BEGIN Raw data
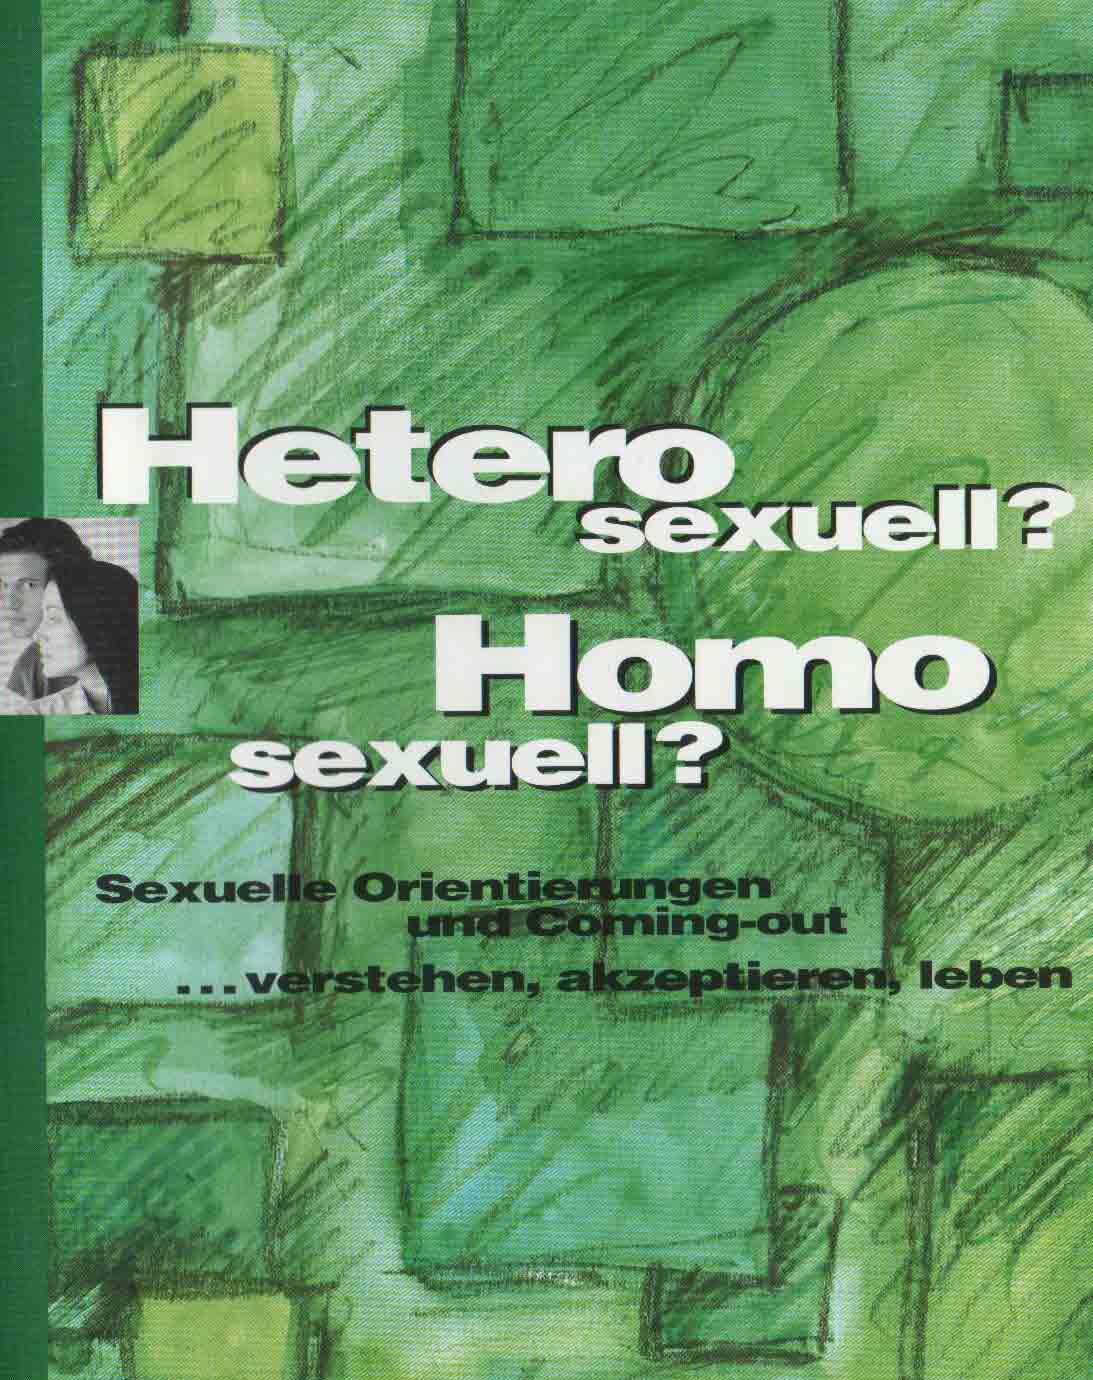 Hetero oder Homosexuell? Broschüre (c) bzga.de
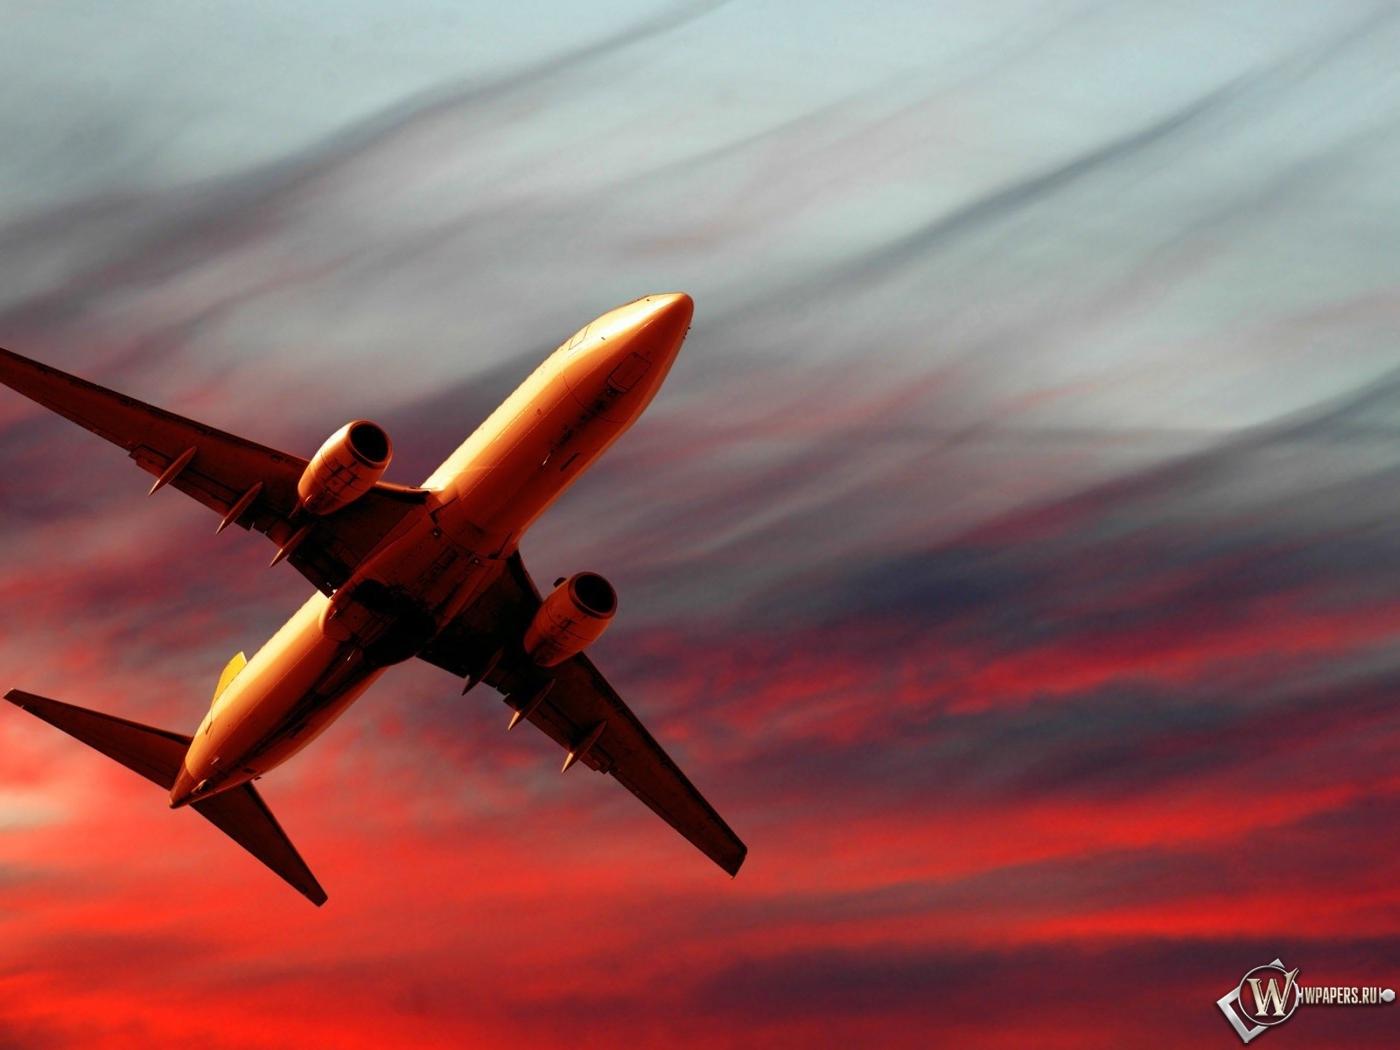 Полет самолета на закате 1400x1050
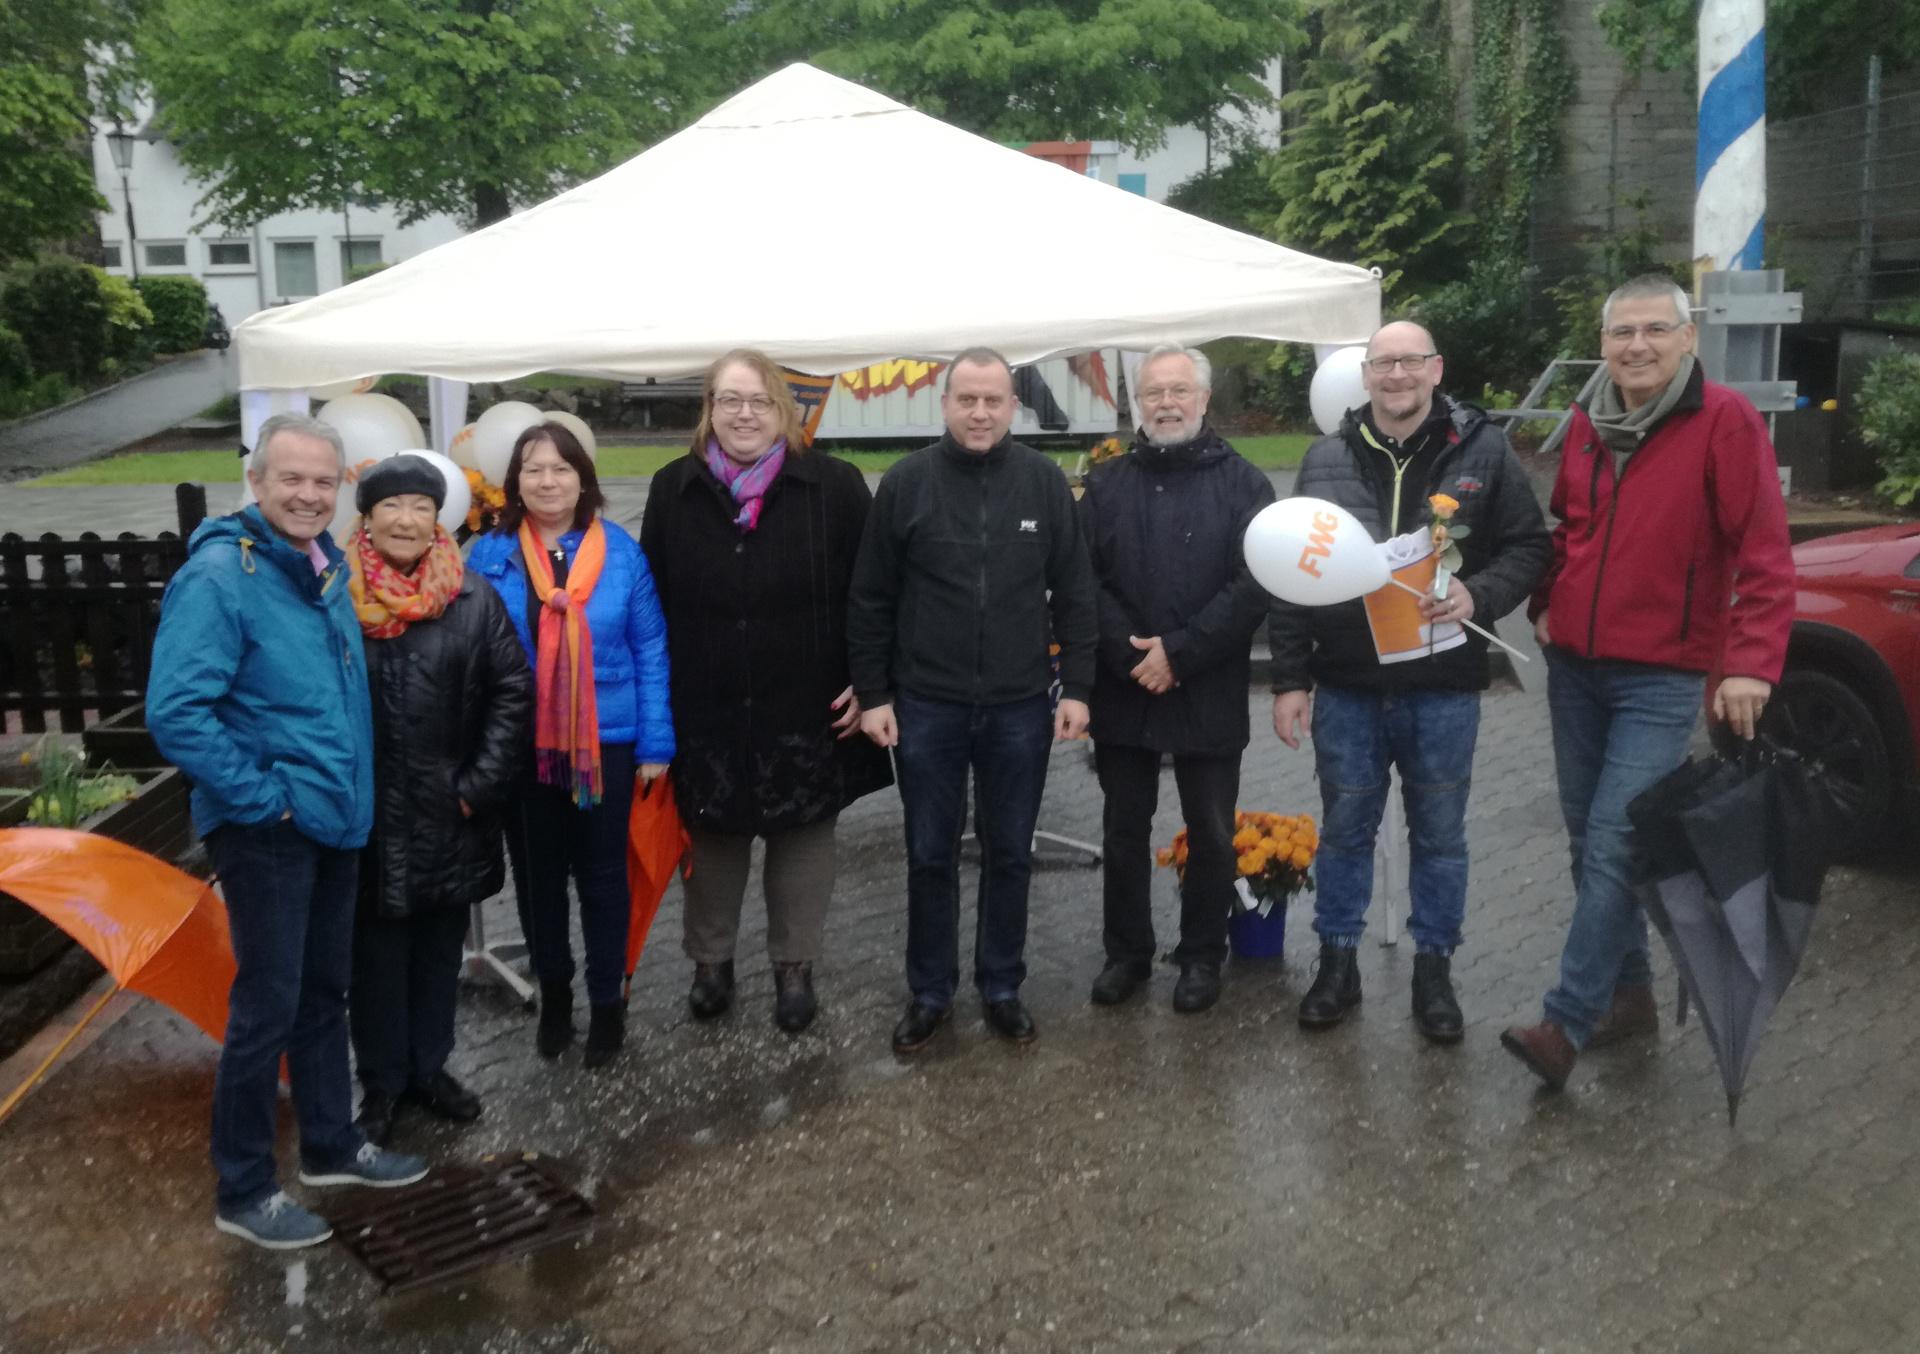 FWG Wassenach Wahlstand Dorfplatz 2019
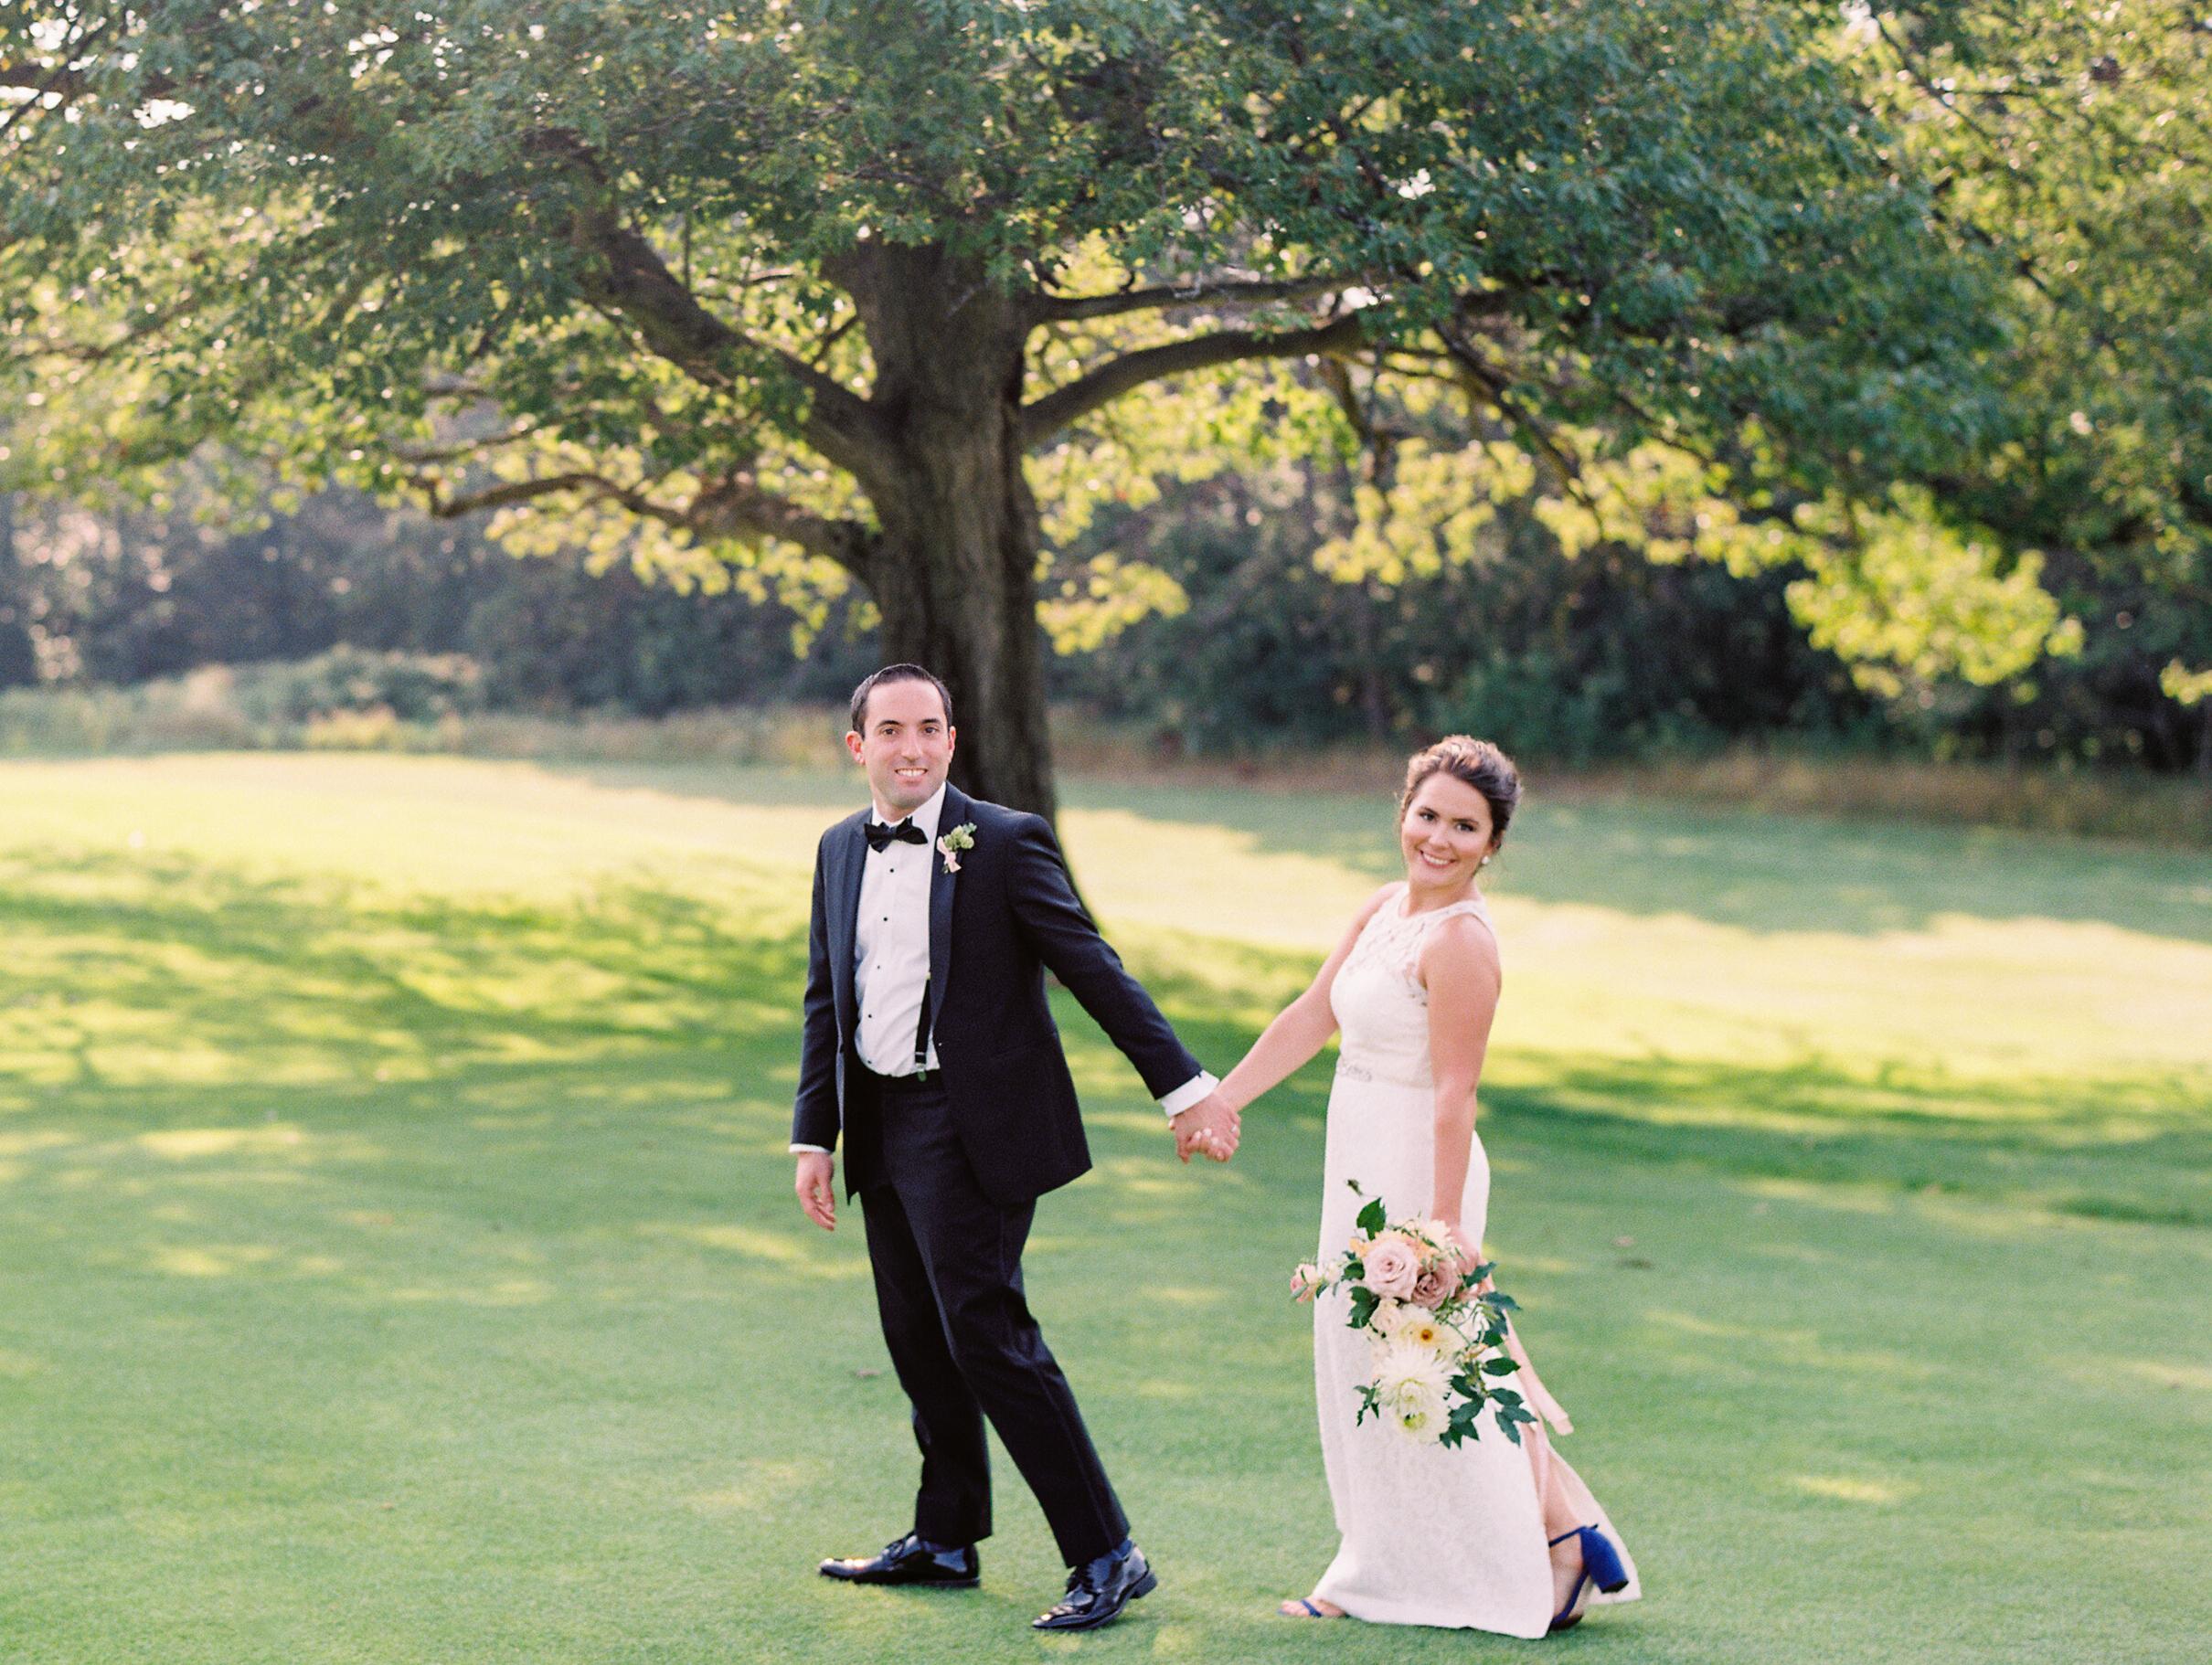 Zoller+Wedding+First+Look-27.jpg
END Raw data
Instructions for the task: Print exactly, and only, the lines from the line containing "Полет самолета на закате 1400x1050" to the last line of the material above, with every picture left out.

Task output:
 Полет самолета на закате 1400x1050
 FWG Wassenach Wahlstand Dorfplatz 2019
 Zoller+Wedding+First+Look-27.jpg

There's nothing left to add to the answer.